La regla del art. 243 cit. consagra, por una parte, la inalterabilidad de la motivación invocada para legitimar el despido con justa causa derivada de incumplimientos del trabajador, lo que permite juzgar dicha legitimidad con apego a la situación existente al tiempo de la denuncia, y por otra, la predeterminación de la materia sobre la que versará, en caso de controversia, la actividad probatoria.Así, la norma legal aludida establece un régimen marcadamente formal, en resguardo de la buena fe y del derecho de defensa en juicio, por lo que se consideran inoficiosas las enunciaciones ambiguas o amplias, que no permiten conocer con certeza la motivación del empleador y que le posibilitan modificarla al contestar demanda.

En caso que hubiese habido una investigación interna (ver testimonio de García Filho a fs. 121/3), como parecen sugerir las constancias de autos, resulta fundamental para el trabajador efectuar su descargo y demás aclaraciones que estime pertinentes en el transcurso de la misma para, poder contribuir al esclarecimiento de lo investigado. Esto crea la obligación del empleador de respetar el derecho de defensa del dependiente, ya que se pone en movimiento un procedimiento, aunque no sea reglado, en el que el imputado debe ejercer la garantía de defensa conforme todas las disposiciones de derechos humanos previstas en nuestro más alto ordenamiento (arts. 18, 19 y 75, inc. 22, Constitución Nacional y concs. de tratados y convenciones de derechos humanos con jerarquía constitucional). Lo cierto es que se procedió a la máxima sanción, el despido, sin haber pedido un mínimo descargo a su dependiente.
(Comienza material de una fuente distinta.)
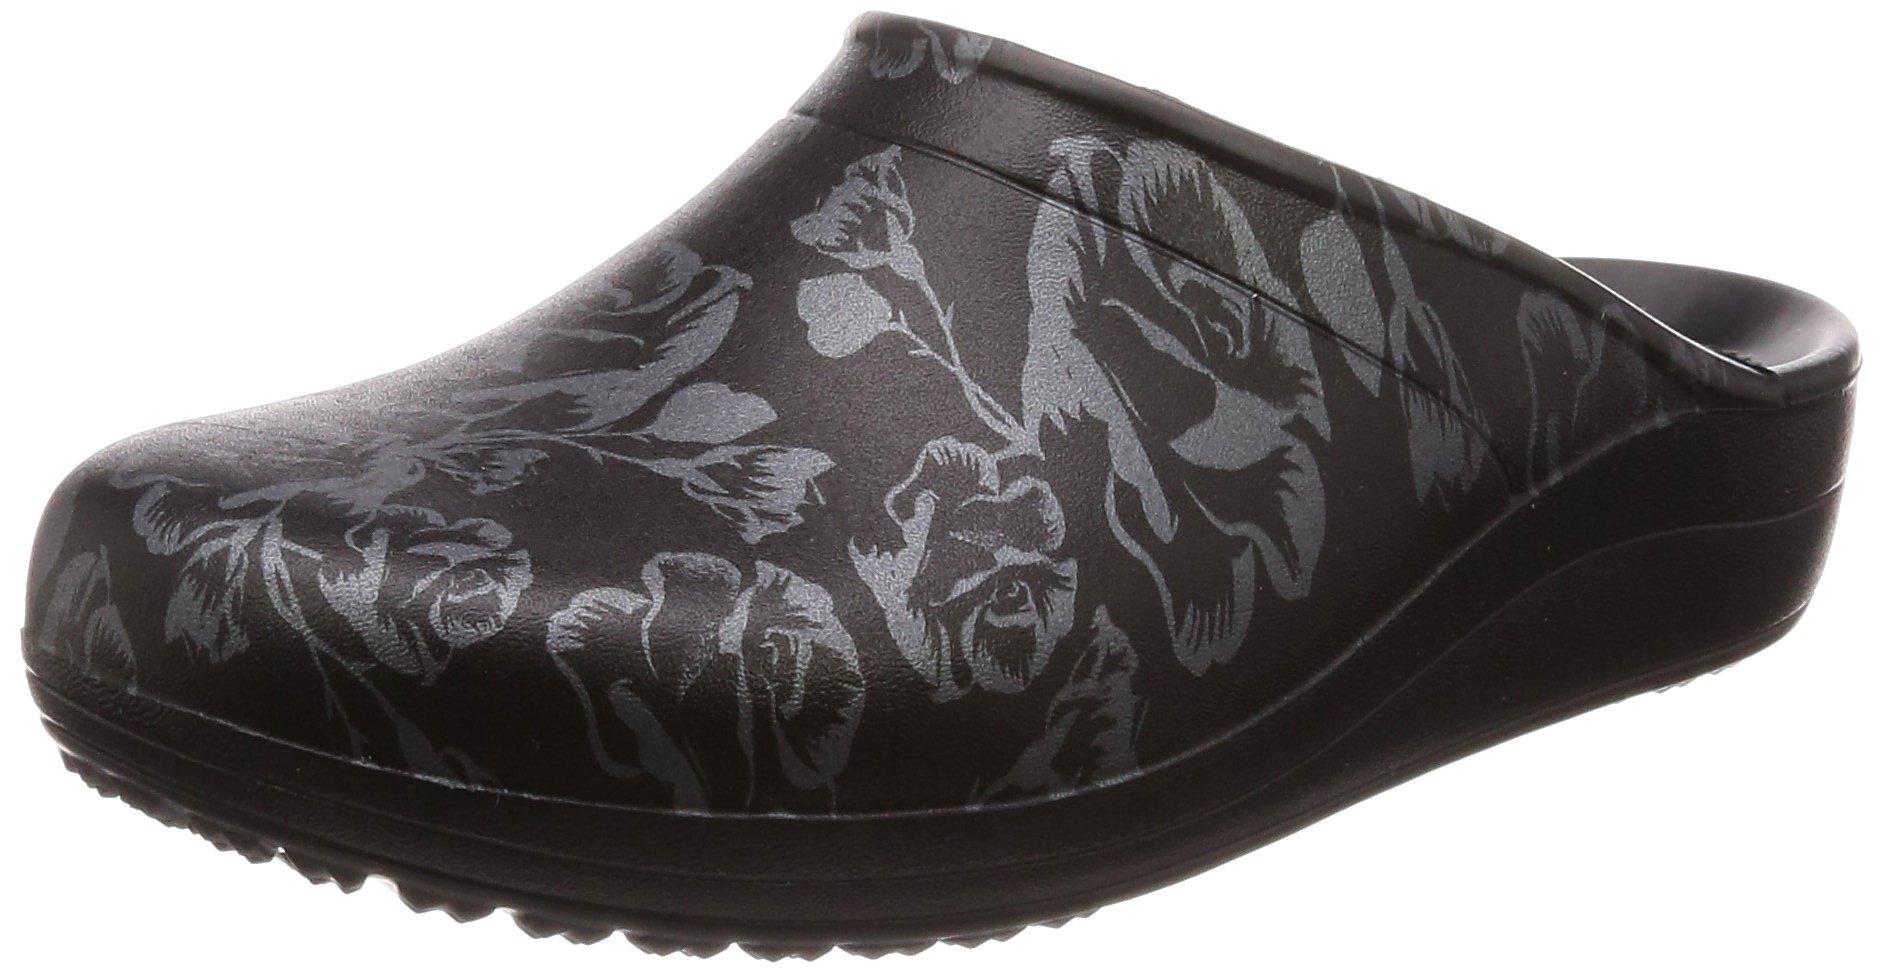 Crocs Women's Sloane Graphic Clog W Shoe, Metallic Rose/Black, W9 M US
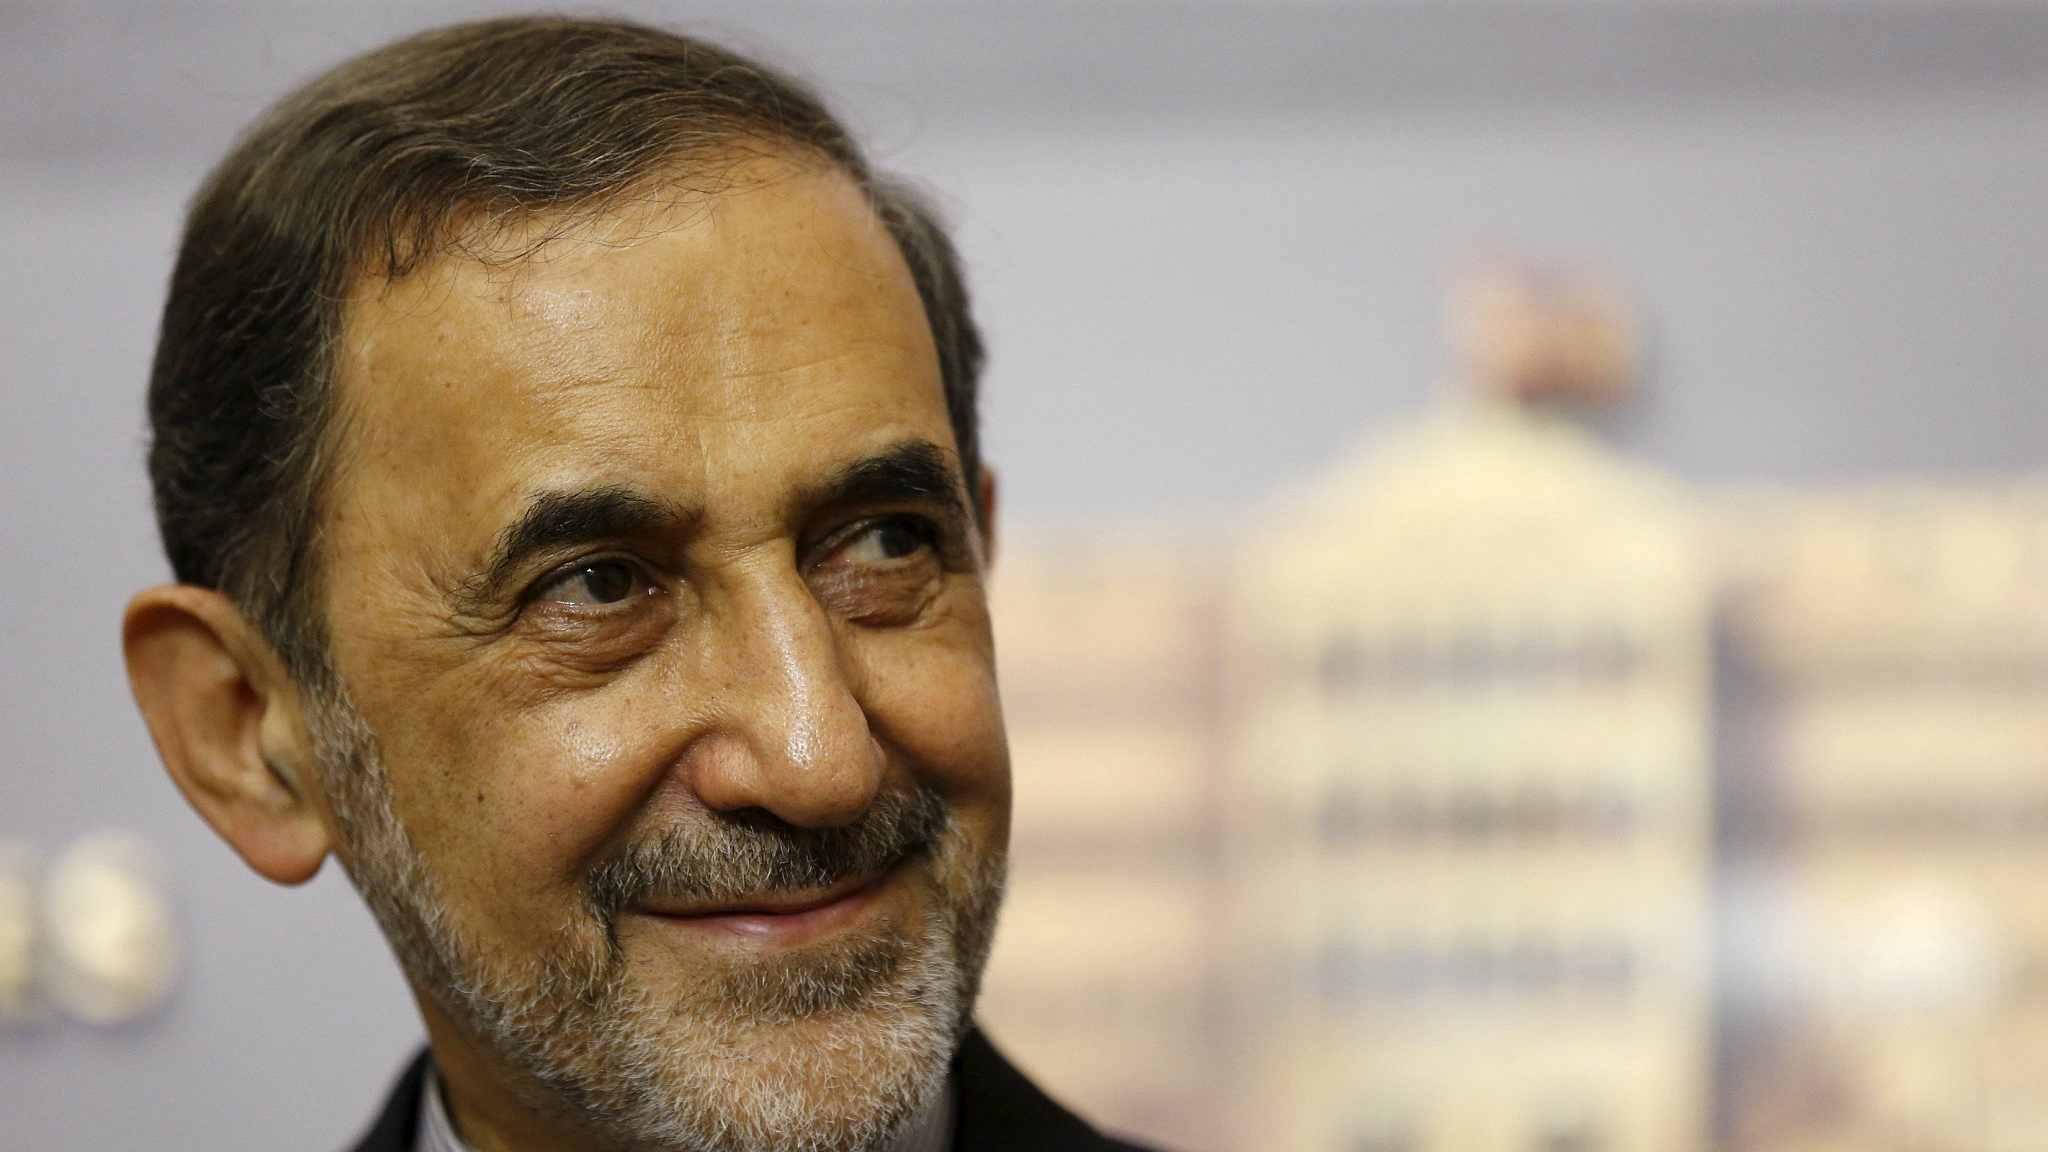 Iran top aide dismisses US meeting offer as 'Trump's dream'

Surge palmariamente de la letra de la comunicación de la demandada una descripción del supuesto procedimiento que se habría orquestado constitutivo de la violación de la confianza mas dichas referencias no se encuentran contextualizadas.Tal como señala el actor en su queja, con los elementos aportados por dicha comunicación, no bastaría para poder realizar una efectiva defensa toda vez que obsta informar elementos que circunstancien la acusación -día y horarios en que se hubieran producido los hechos denunciados, montos o cómo se alcanzó la certeza referida a su participación de los mismos o la finalidad del accionar descripto- e hicieren posible realizar un efectivo descargo.

En este punto es necesario recordar que, en los términos contenidos en nuestra Constitución, en tanto se recepta el Pacto de San José de Costa Rica, la garantía de defensa comprende «.b) comunicación previa y detallada al inculpado de la acusación formulada; c) concesión al inculpado del tiempo y de los medios adecuados para la preparación de su defensa; d) derecho del inculpado de defenderse personalmente.» (art. 8, P.S.J.C.R.). Dicha garantía, si bien alcanza a la jurisdicción estatal, es también obligación del estado hacerla cumplir por cualquier organización económica en el marco en que se esté siendo observada la conducta de un ciudadano -trabajador dependiente en este caso- e imponiéndose sanciones por la misma, toda vez que la responsabilidad del Estado por el cumplimiento de sus responsabilidades internacionales no se puede agotar en el marco de los trabajadores dependientes de este sino que debe alcanzar a todos los ciudadanos.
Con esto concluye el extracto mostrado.